With music and lyrics by Christopher Curtis, and a book by Curtis and Thomas Meehan (Annie, The Producers), this bio-musical follows Charlie Chaplain’s life from the poverty-ridden streets of London to his meteoric success in early-20th century Hollywood.
Chaplin unfolds with all the nuance of an 8th-grade biography from the Scholastic Book Club. We get a grand parade of the actor’s major life milestones, but never any adult insight into his psyche or motivations.
Director Warren Carlyle fatally stages the show as a black-and-white movie, with costumes and sets in dismal shades of gray and video projections filling the stage with the grainy flickers of rolling film. Even the cast wears stark white makeup, resembling corpses, casting a morgue-like pall over the show.
The characters are written flatly as it is—making them literally colorless hardly helps.
Christopher Curtis’ middling music shifts from vaudeville to ragtime to modern musical pop, getting its pep from punchy orchestrations. The songs’ intentions are in the right place, but they never soar: Chaplin’s pensive ballad sung to his sick mother, “The Life That You Wished For,” could be heartbreaking if it didn’t sound like a pop ballad recycled from the ’90s Broadway scrap heap.
Chaplin’s saving grace, if it has one, is RobMcClure in the title role—he’s charming, lovable, and instantly endearing. While mining new laughs out of decades-old routines, he expertly mimics the Little Tramp’s on-screen mannerisms and imbues Chaplin with authentic off-camera humanity. Christiane Noll also brings some much needed warmth as Charlie’s beloved mother, Hannah.

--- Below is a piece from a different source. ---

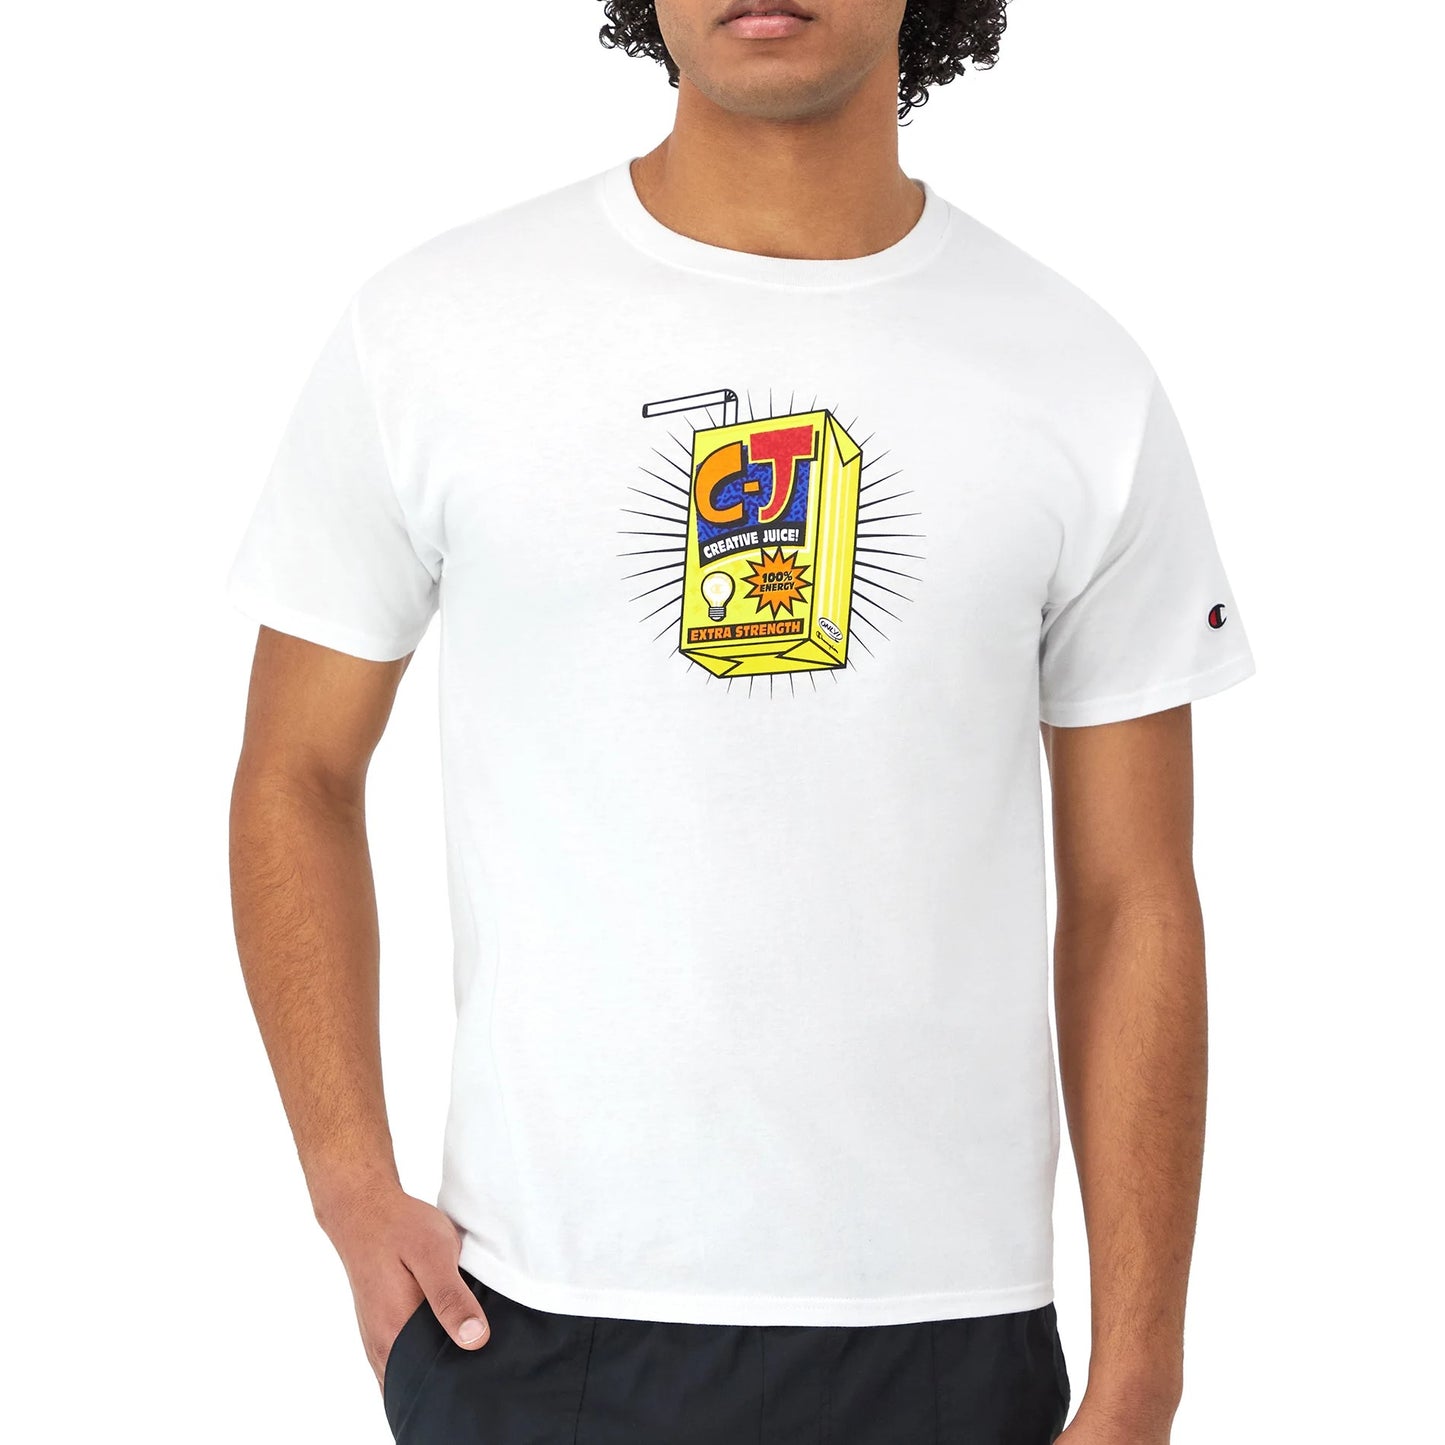 CHAMPION Creative Juice Classic Graphic T-Shirt - White

Though Jenn Colella’s vaudeville song, “All Falls Down,” is one of the few winning numbers, her whip-sharp talents are wasted as gossip columnist Hedda Hopper, who is shoehorned in as a villainess straight out of mustache-twirling melodrama.
Chaplin’s dramatic life may seem like a good a idea for a musical, but ultimately it ain’t—at least not as told here. The beloved clown’s story is already well-documented in multiple biographies and the 1992 movie Chaplin. This misguided musical adds no new color.
Chaplin is currently playing at the Ethel Barrymore Theatre.
Photos: Joan Marcus
I don’t know what production YOU saw Ms. Marcus, but the one I saw was very well conceived and executed with one exception – the Charlie Chaplin Look Alike Contest Number. This was, IMO, a thinking person’s musical. One that requires thought. One in which the playgoer is not one who needs everything handed to them on a platter.
To coordinate sets and costumes in a monochromatic theme requires a great deal of thought and creativity.
As far as the comment “The beloved clown’s story is already well-documented in multiple biographies and the 1992 movie Chaplin . . .” I feel that the musical goes into a deeper level of motivation and more detail of Hedda Hopper’s campaign against Chaplain than I have previously known.
My partner and I both enjoyed the musical very much and have recommended it to friends and acquaintances. As an actor, producer and soon-to-be director, I have also highly recommended it to other members of the theatrical community.